• _Problem description_
Reproduce the data below exactly. Skip the pictures.

• _The data_
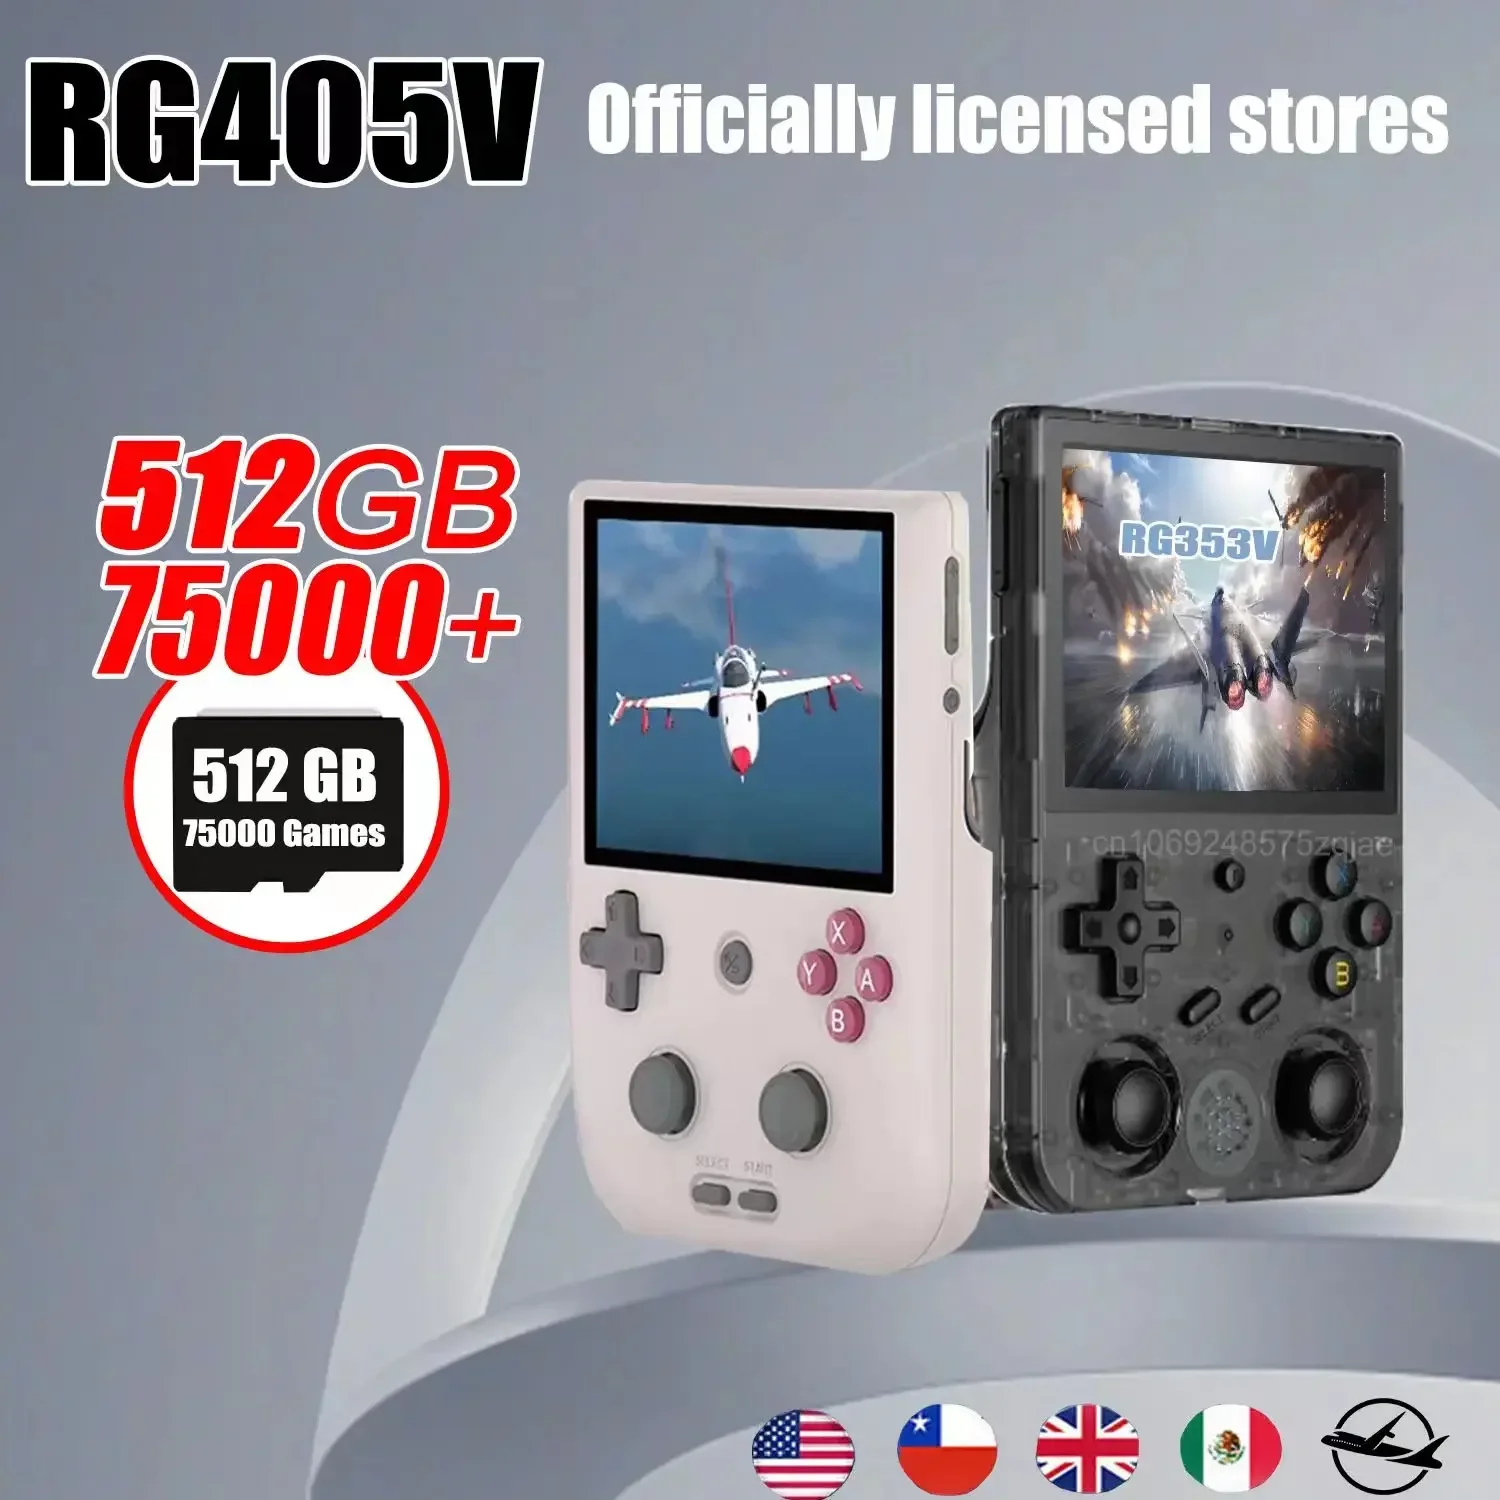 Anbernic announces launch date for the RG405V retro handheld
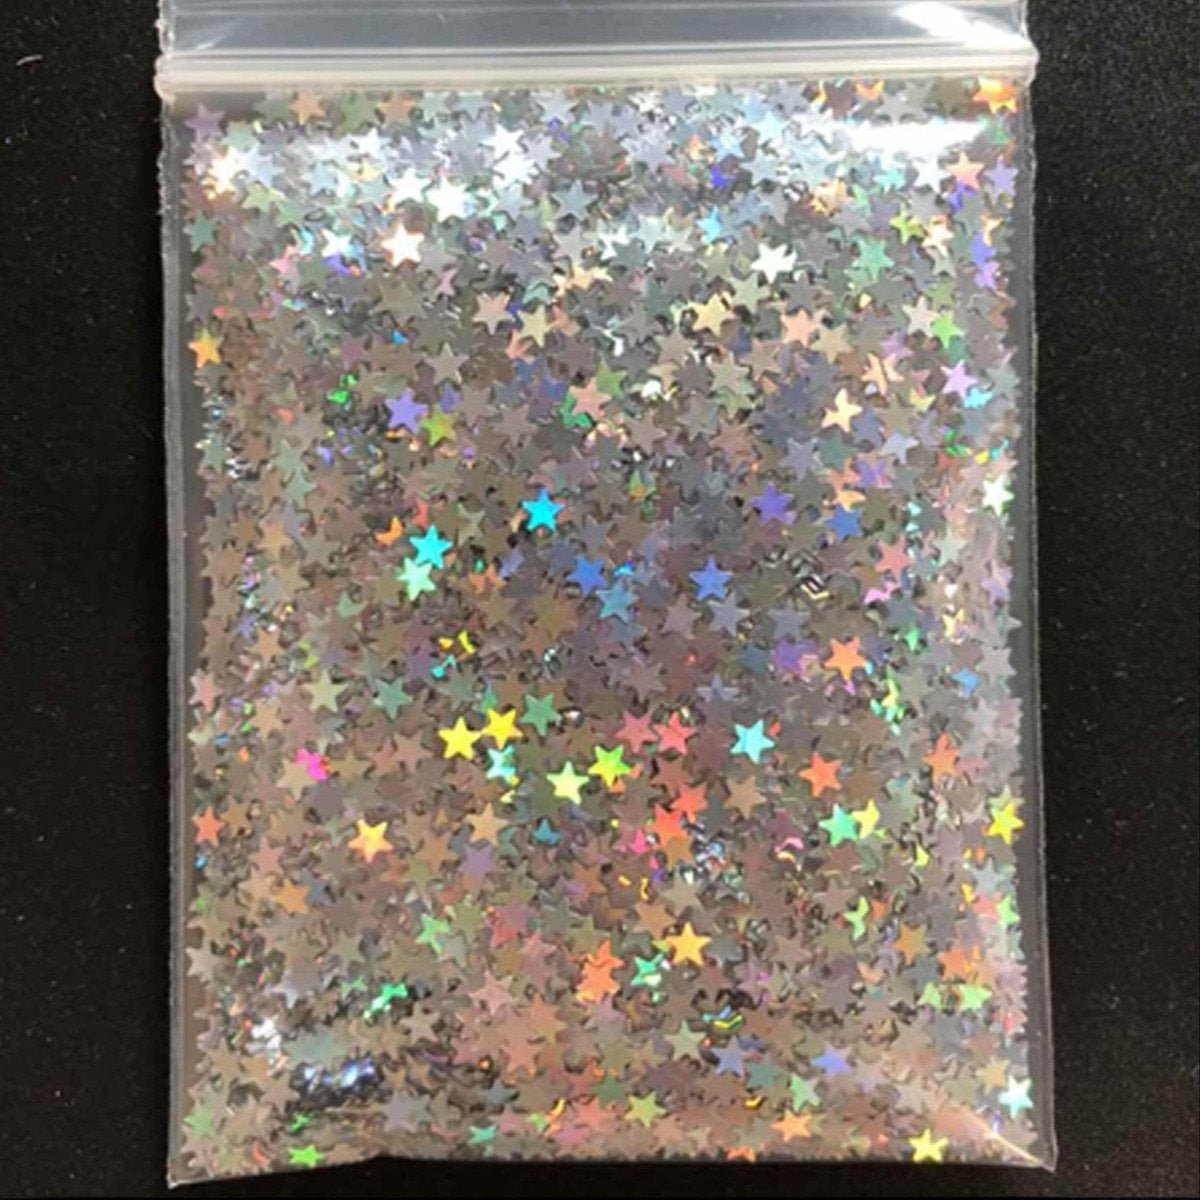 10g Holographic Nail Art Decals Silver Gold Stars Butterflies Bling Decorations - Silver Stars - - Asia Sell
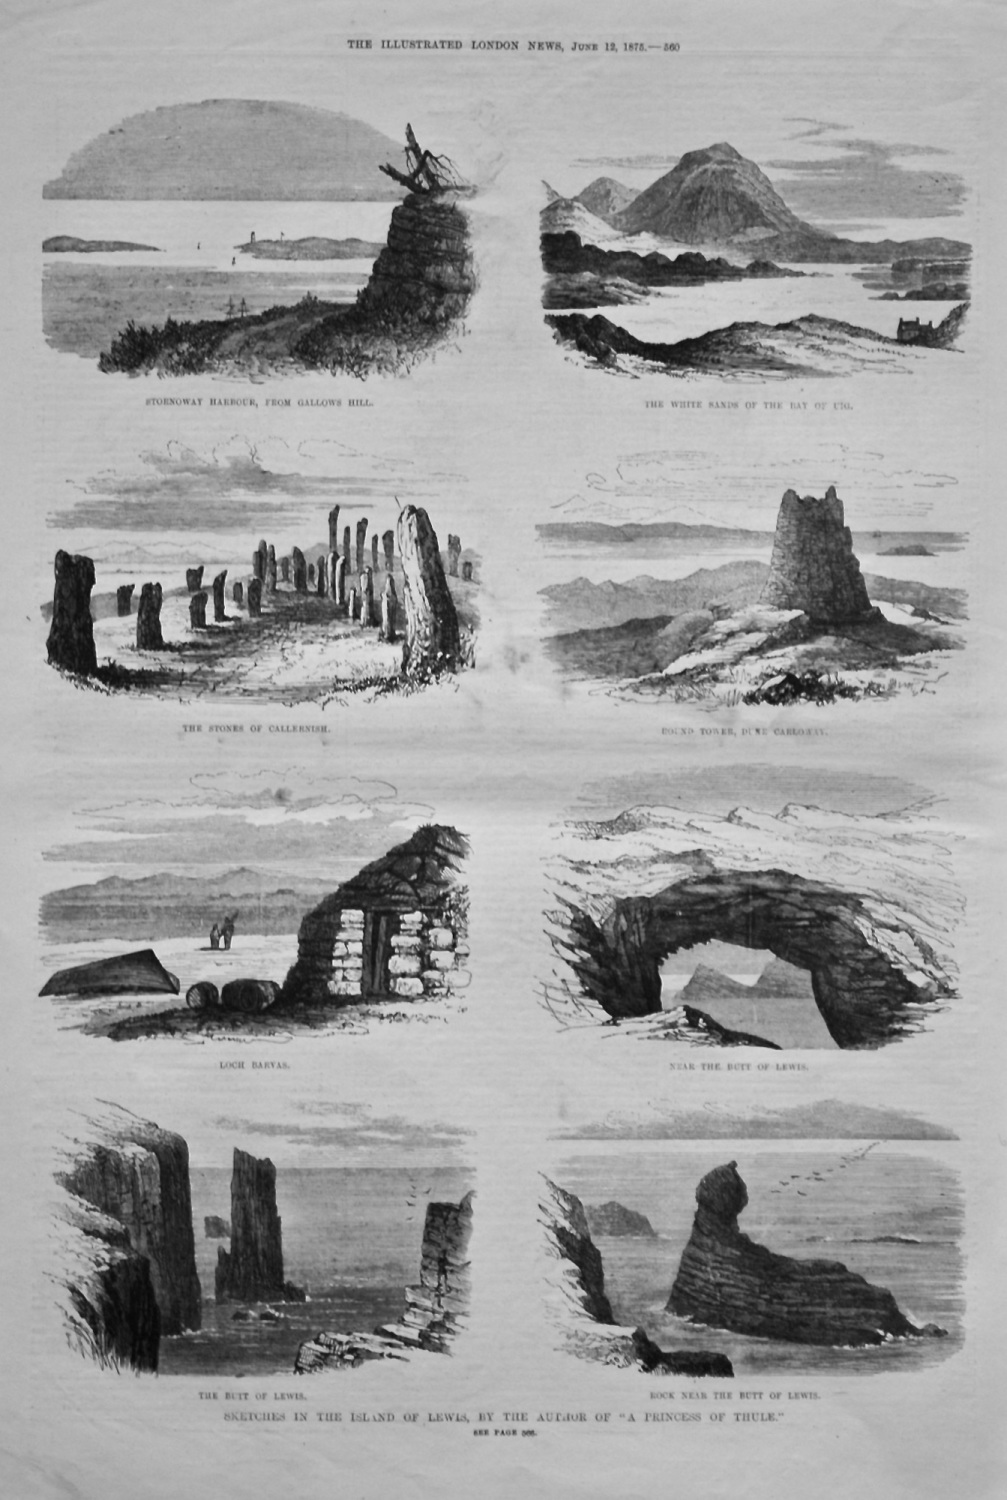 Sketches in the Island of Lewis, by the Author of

• _The completed task_
 Anbernic announces launch date for the RG405V retro handheld
 10g Holographic Nail Art Decals Silver Gold Stars Butterflies Bling Decorations - Silver Stars - - Asia Sell
 Sketches in the Island of Lewis, by the Author of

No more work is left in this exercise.